In a communications cable that includes multiple pairs of conductors, multiple common mode signals may be transmitted along with the differential signals. By way of example, in a communications cable that includes two differential pairs (four conductors total), a differential signal may be transmitted over each differential pair and a common mode signal may also be transmitted over each differential pair for a total of four transmitted information signals. Alternatively, the two common mode signals may be replaced with a third differential signal that is simultaneously transmitted over all four conductors.
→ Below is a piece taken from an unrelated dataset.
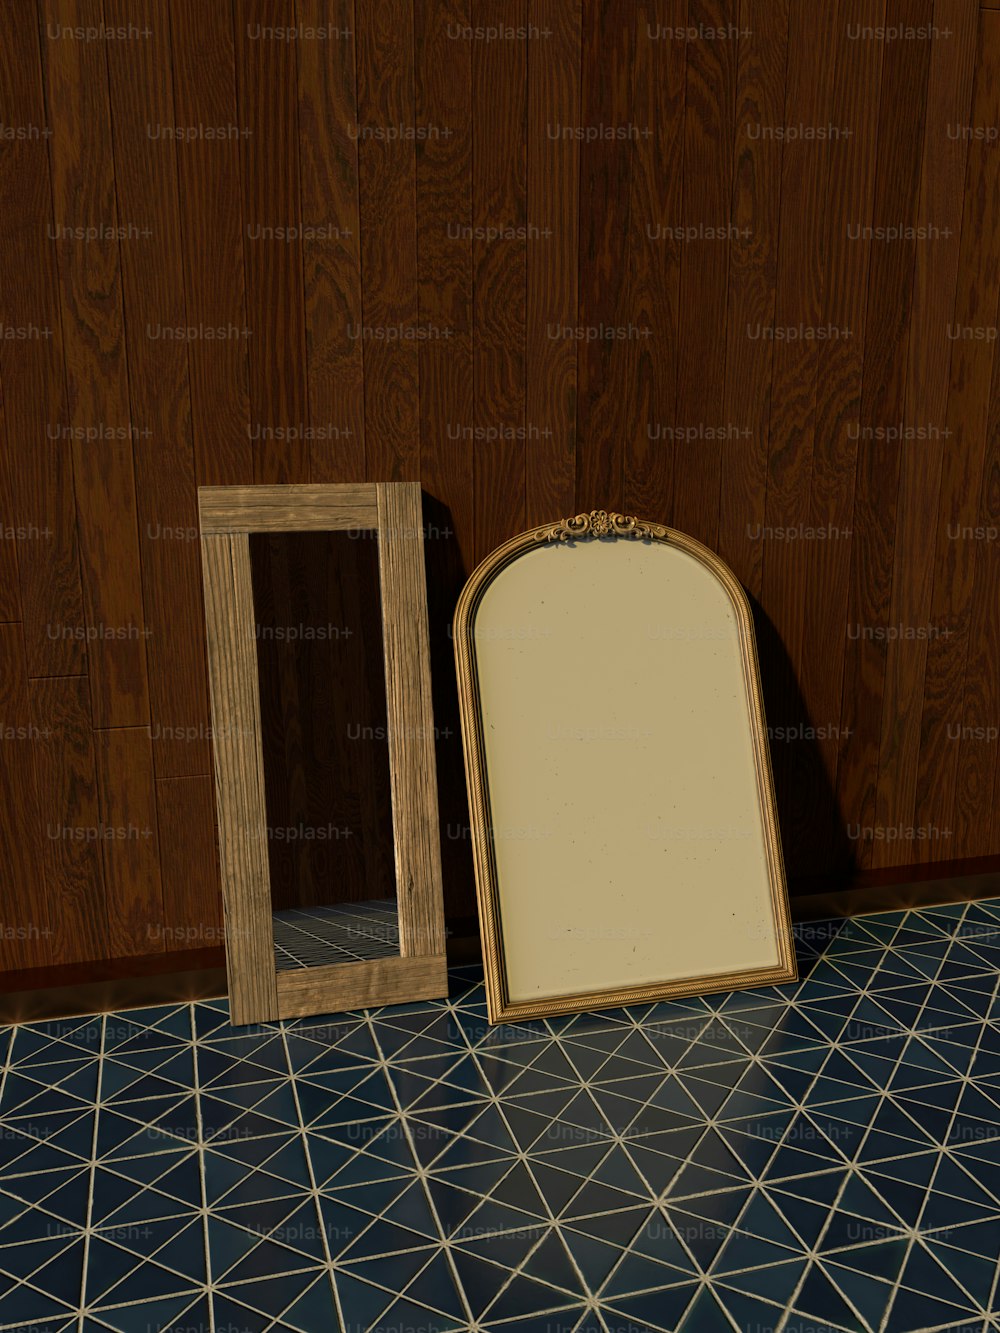 a mirror sitting on a tiled floor next to a wooden frame

In particular, the third differential signal may be transmitted by transmitting its negative component as a common mode signal over both conductors of the first differential pair, and by transmitting its positive component as a common mode signal over both conductors of the second differential pair. As the transmission of the negative component of the third differential signal adds the exact same signal to each conductor of the first differential pair, the negative component of the third differential signal is effectively removed from the first differential pair during the subtraction process that is used to recover the first differential signal. The same is true for the positive component of the third differential signal that is transmitted over the second differential pair. Thus, in the above-described manner two differential pairs may be used to transmit a total of three differential signals. Although it cannot be characterized as a common mode signal, the third differential signal is comprised of two oppositely polarized common mode components, and thus it involves the use of common mode signalling. In order to distinguish signals such as the above-described third differential signal from both standard differential signals that are carried on two conductors and from true common mode signals, herein differential signals that are comprised of two oppositely polarized common mode components are referred to as “phantom mode” signals.
U.S. Pat. No. 7,573,254 to Cobb et al. (“the '254 patent”) discloses patch panels that include port identification circuits that transmit control signals over a phantom mode transmission path to track patch cord connections. In an embodiment disclosed in the '254 patent, a center tap inductor is used to inductively couple the phantom mode signal onto two of the differential pairs in a communications channel. U.S. Patent Publication No. 2010/0008482 to Tucker discloses techniques in which phantom mode signalling is used to discover the patch panel connector ports in first and second patching zones to which backbone cables are connected. U.S. Patent Application No. 2010/0244998 to Peyton et al. discloses injecting phantom mode signals onto a communications cable in order to determine interconnections within a local area network.